- _The task_:
Would you reproduce the whole listing exactly, minus its images?

- _Supplied information_:
┄┄┄┄┄┄┄┄┄┄
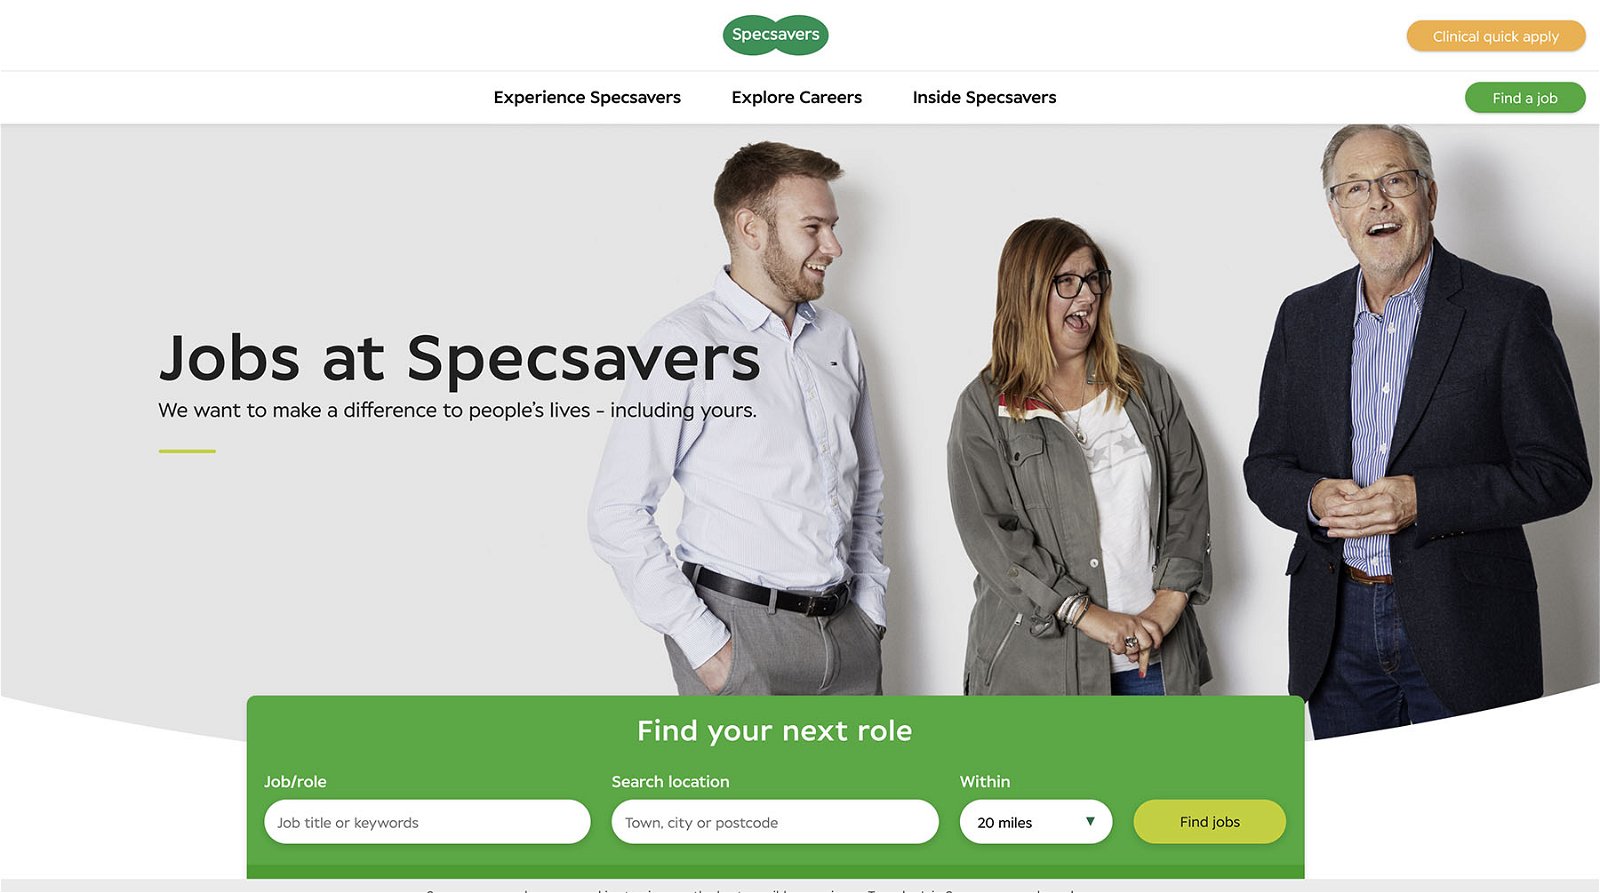 Header section of Specsavers' dedicated careers website.
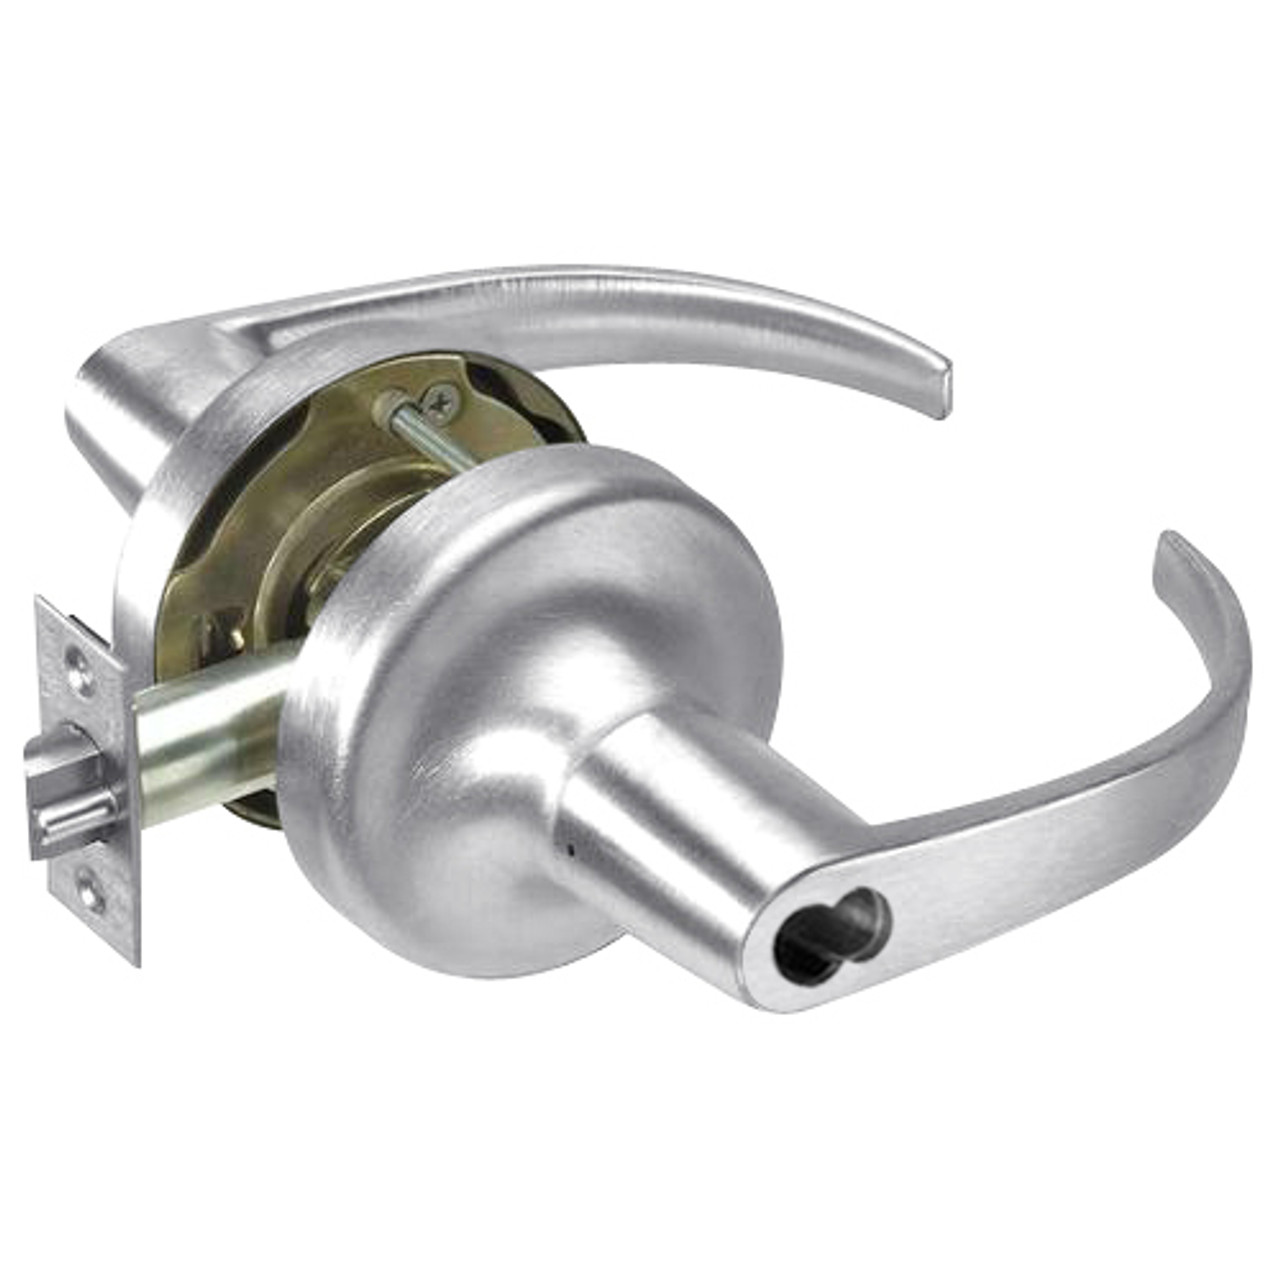 B-PB5308LN-625 Yale 5300LN Series Single Cylinder Classroom Cylindrical Lock with Pacific Beach Lever Prepped for SFIC in Bright Chrome
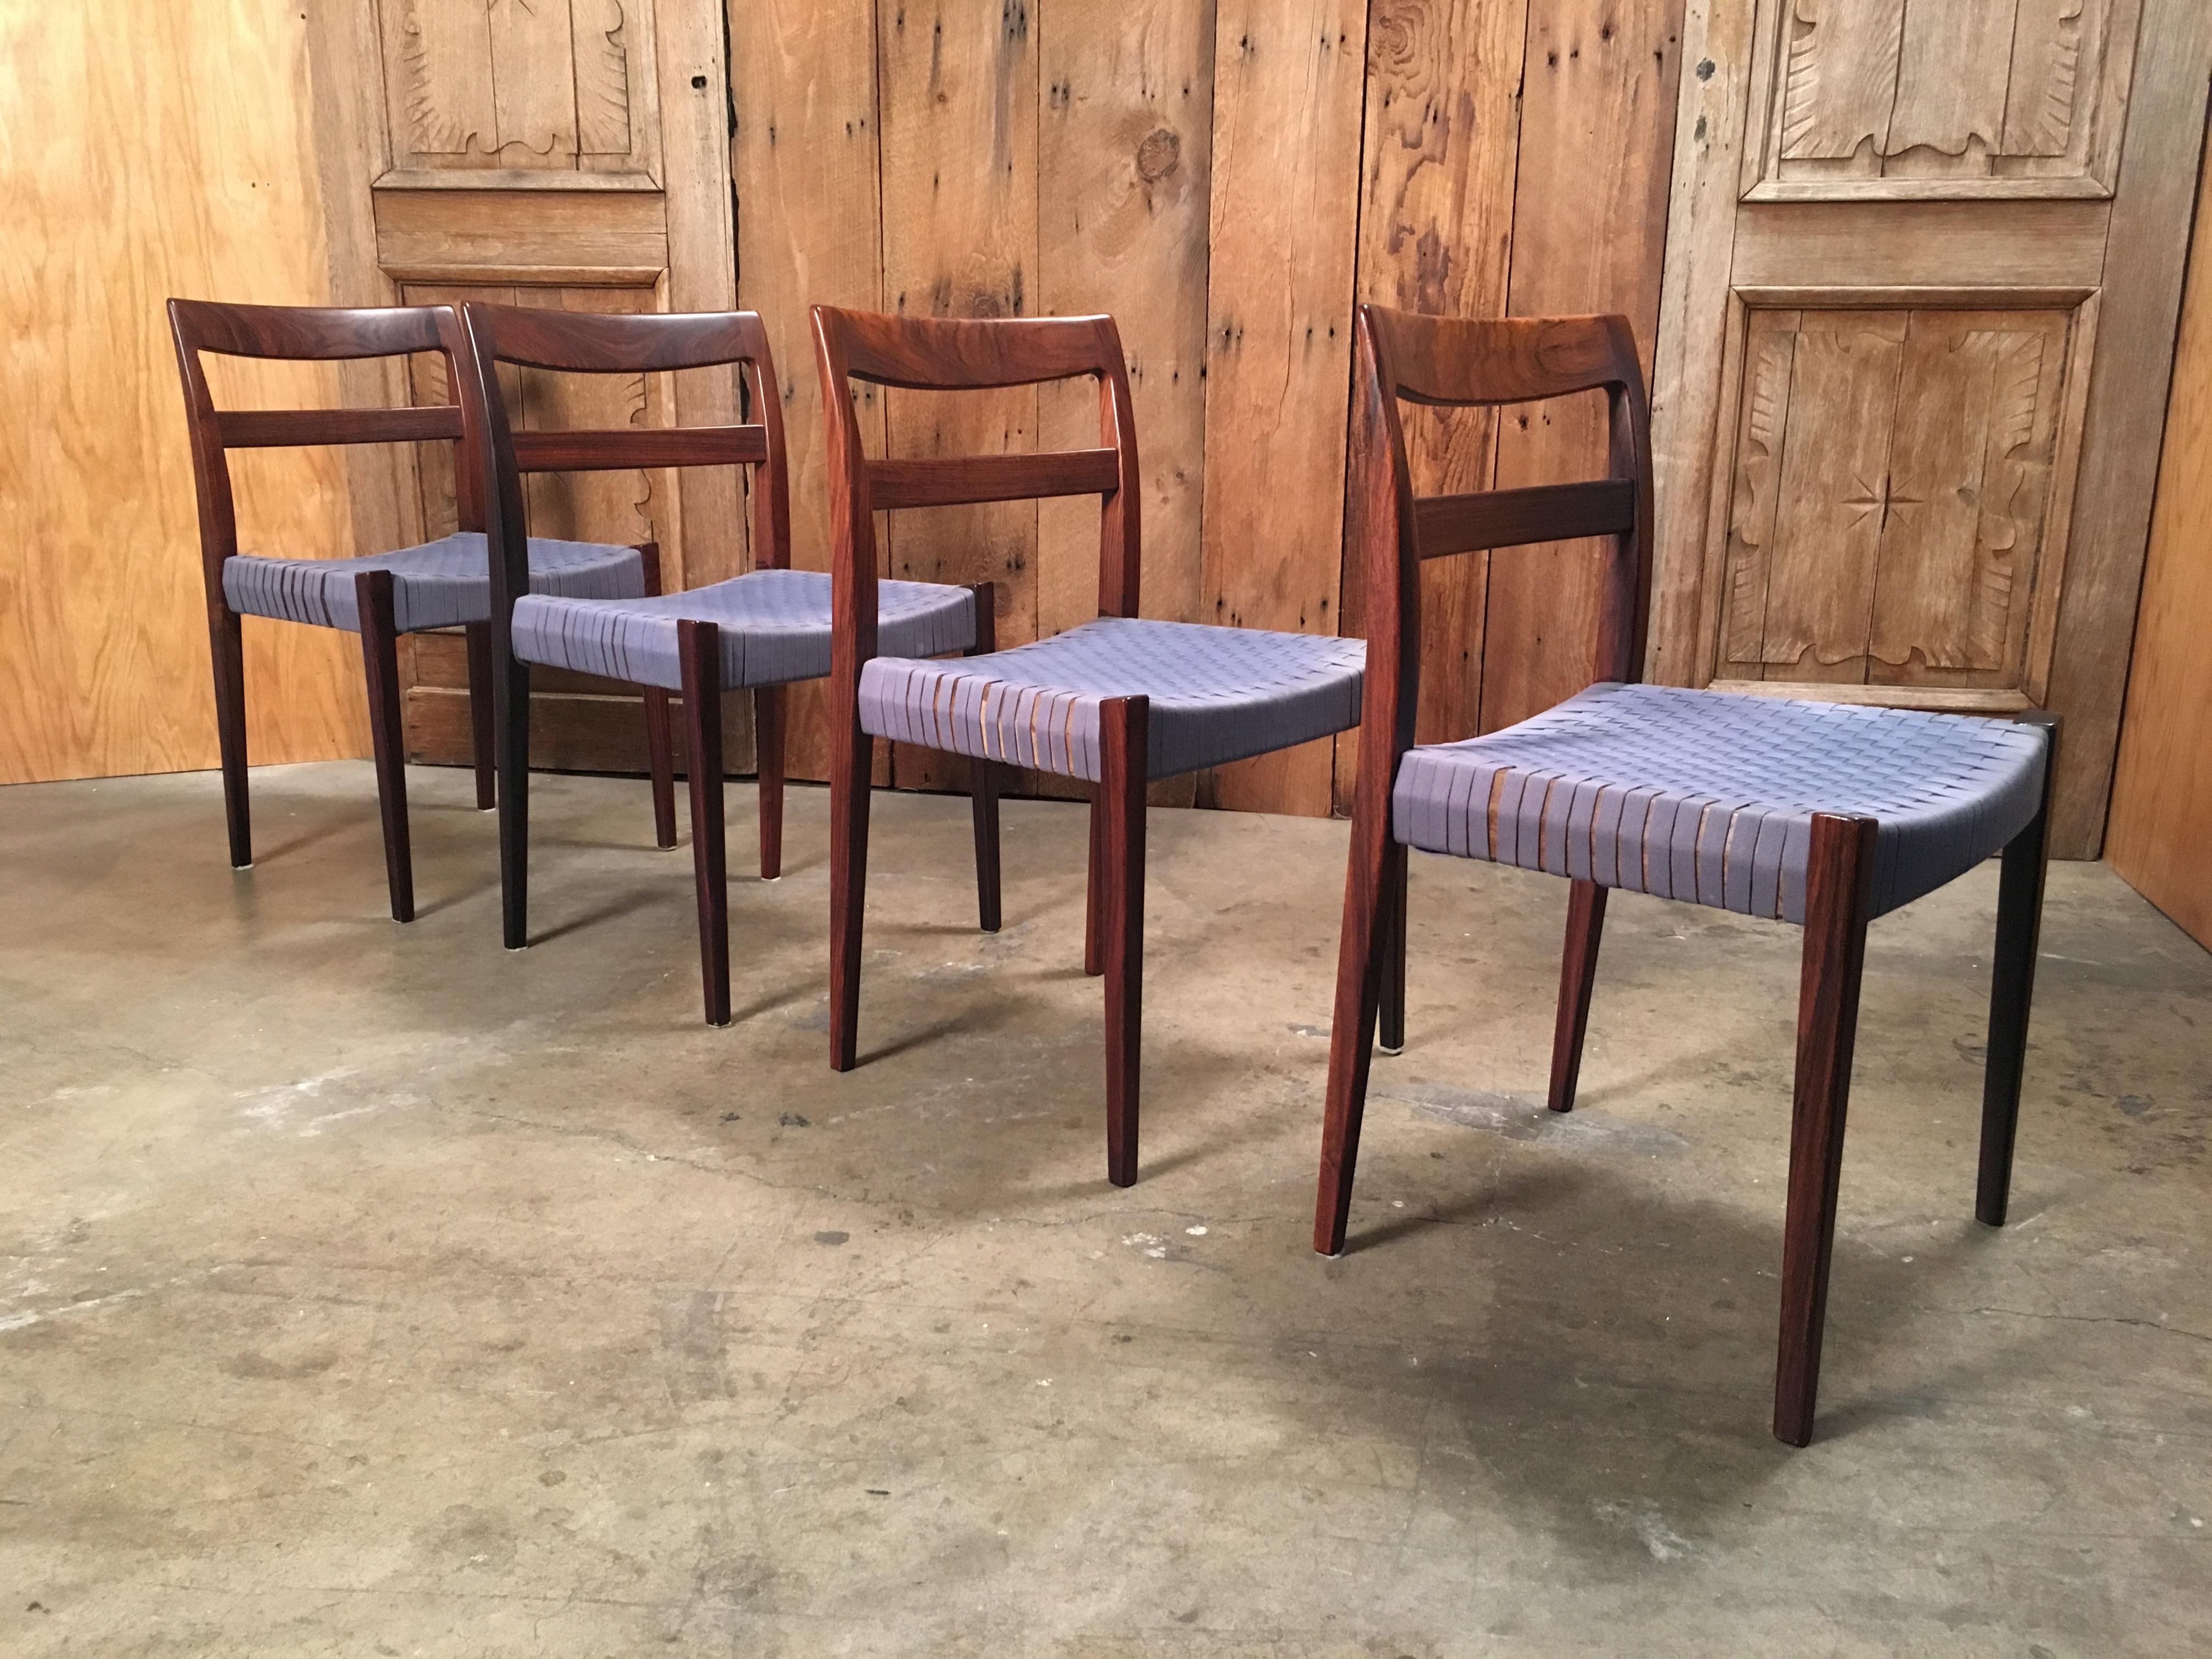 Set of four Mid-Century Modern dining chairs with woven web seats.
┄┄┄┄┄┄┄┄┄┄
- _Written solution_:
 Header section of Specsavers' dedicated careers website.
 B-PB5308LN-625 Yale 5300LN Series Single Cylinder Classroom Cylindrical Lock with Pacific Beach Lever Prepped for SFIC in Bright Chrome
 Set of four Mid-Century Modern dining chairs with woven web seats.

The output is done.